Source material:
* * *
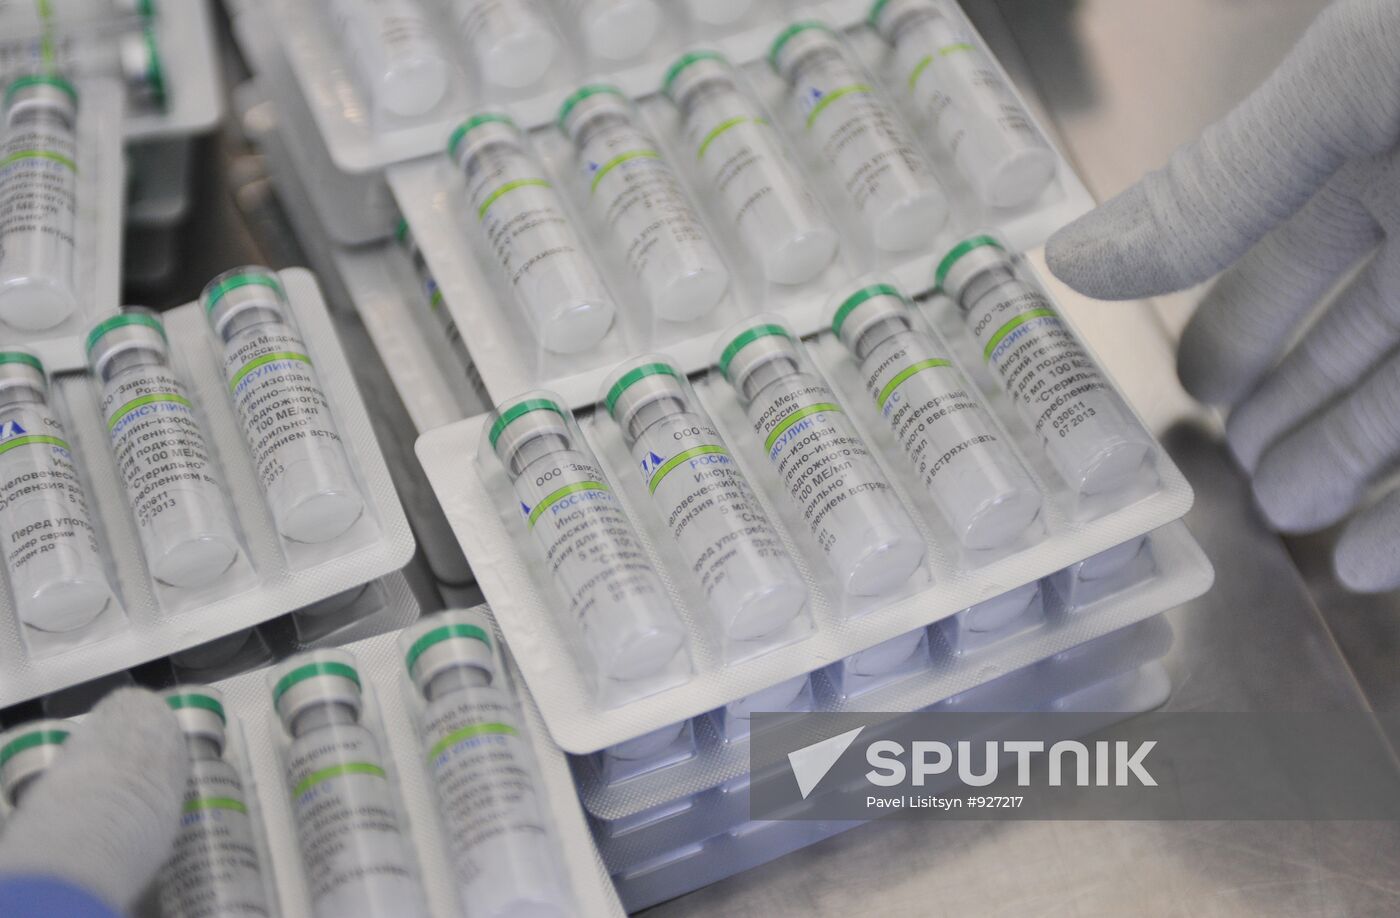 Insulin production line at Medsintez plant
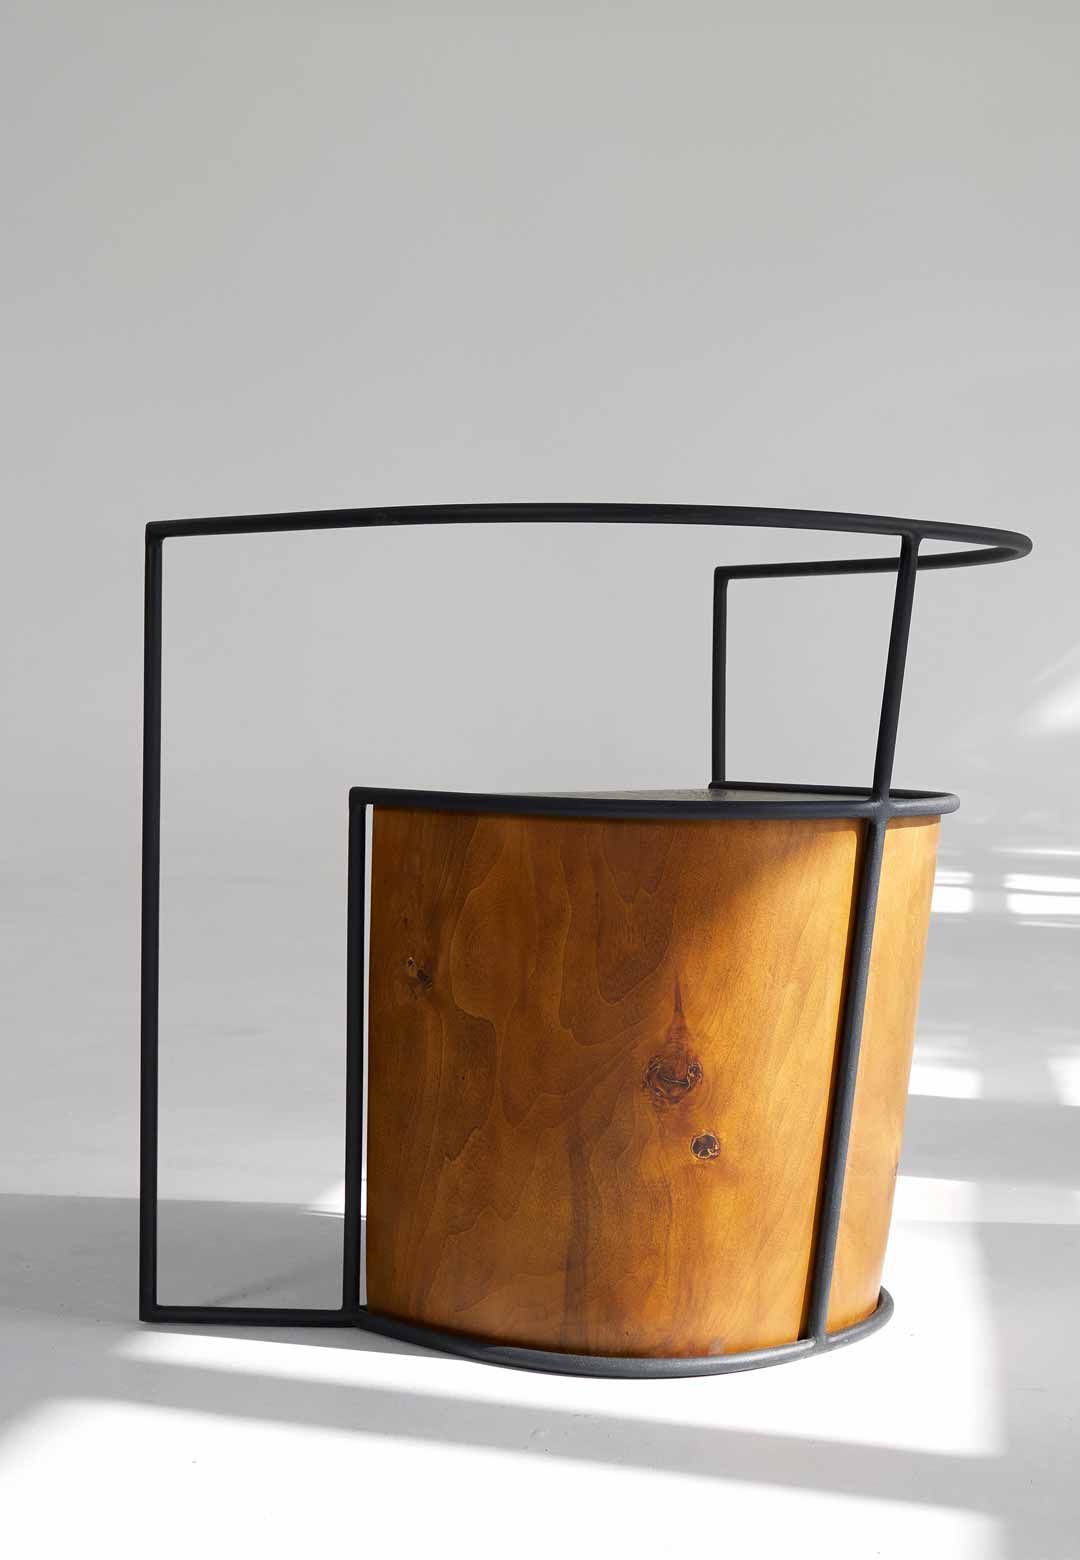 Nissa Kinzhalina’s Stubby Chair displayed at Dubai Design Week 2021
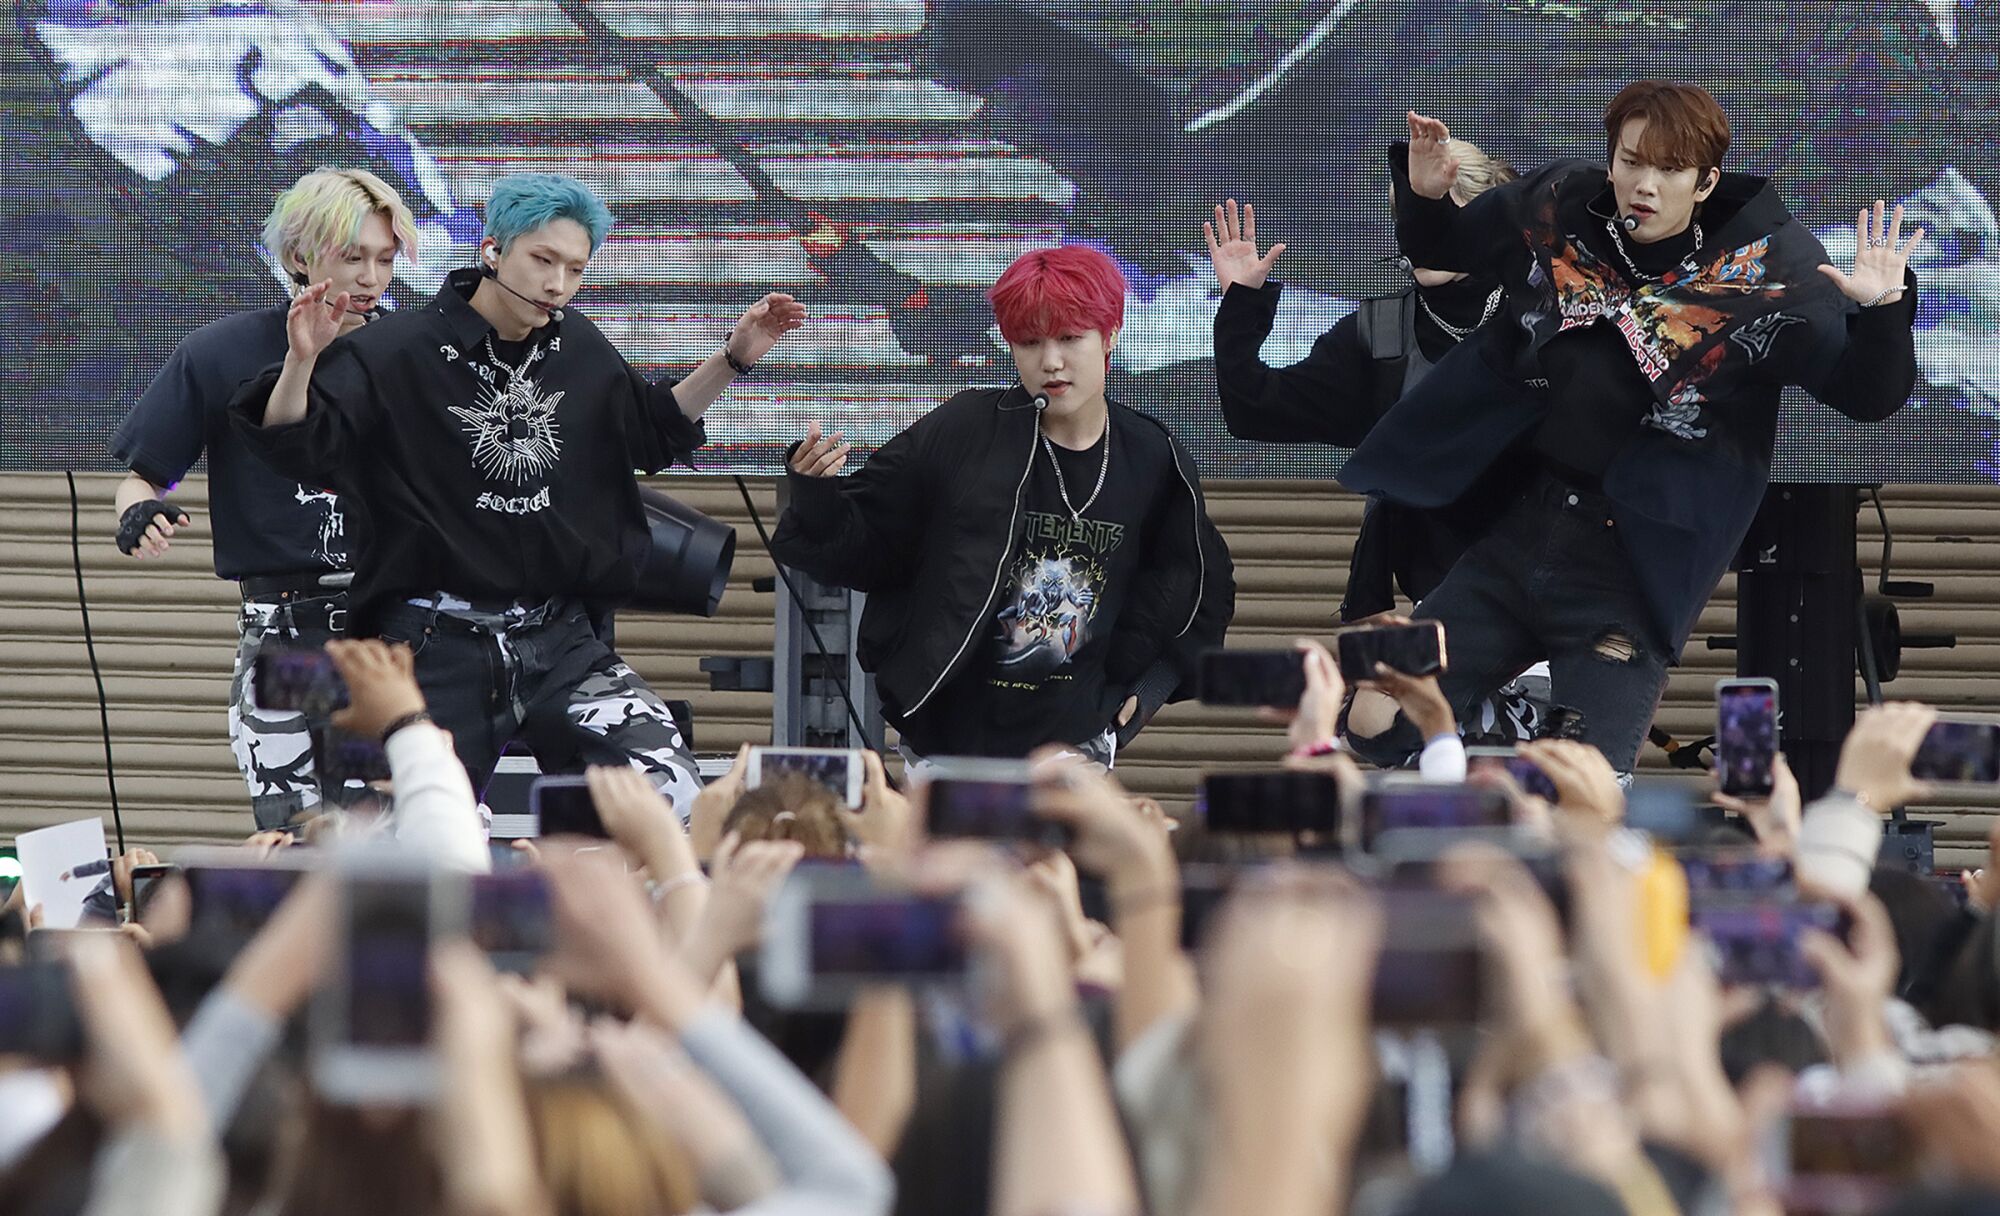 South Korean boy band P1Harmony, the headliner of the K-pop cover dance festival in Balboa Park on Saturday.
* * *
What you have to do: Would you copy out the material above exactly, without the pictures in it?

The answer:
 Insulin production line at Medsintez plant
 Nissa Kinzhalina’s Stubby Chair displayed at Dubai Design Week 2021
 South Korean boy band P1Harmony, the headliner of the K-pop cover dance festival in Balboa Park on Saturday.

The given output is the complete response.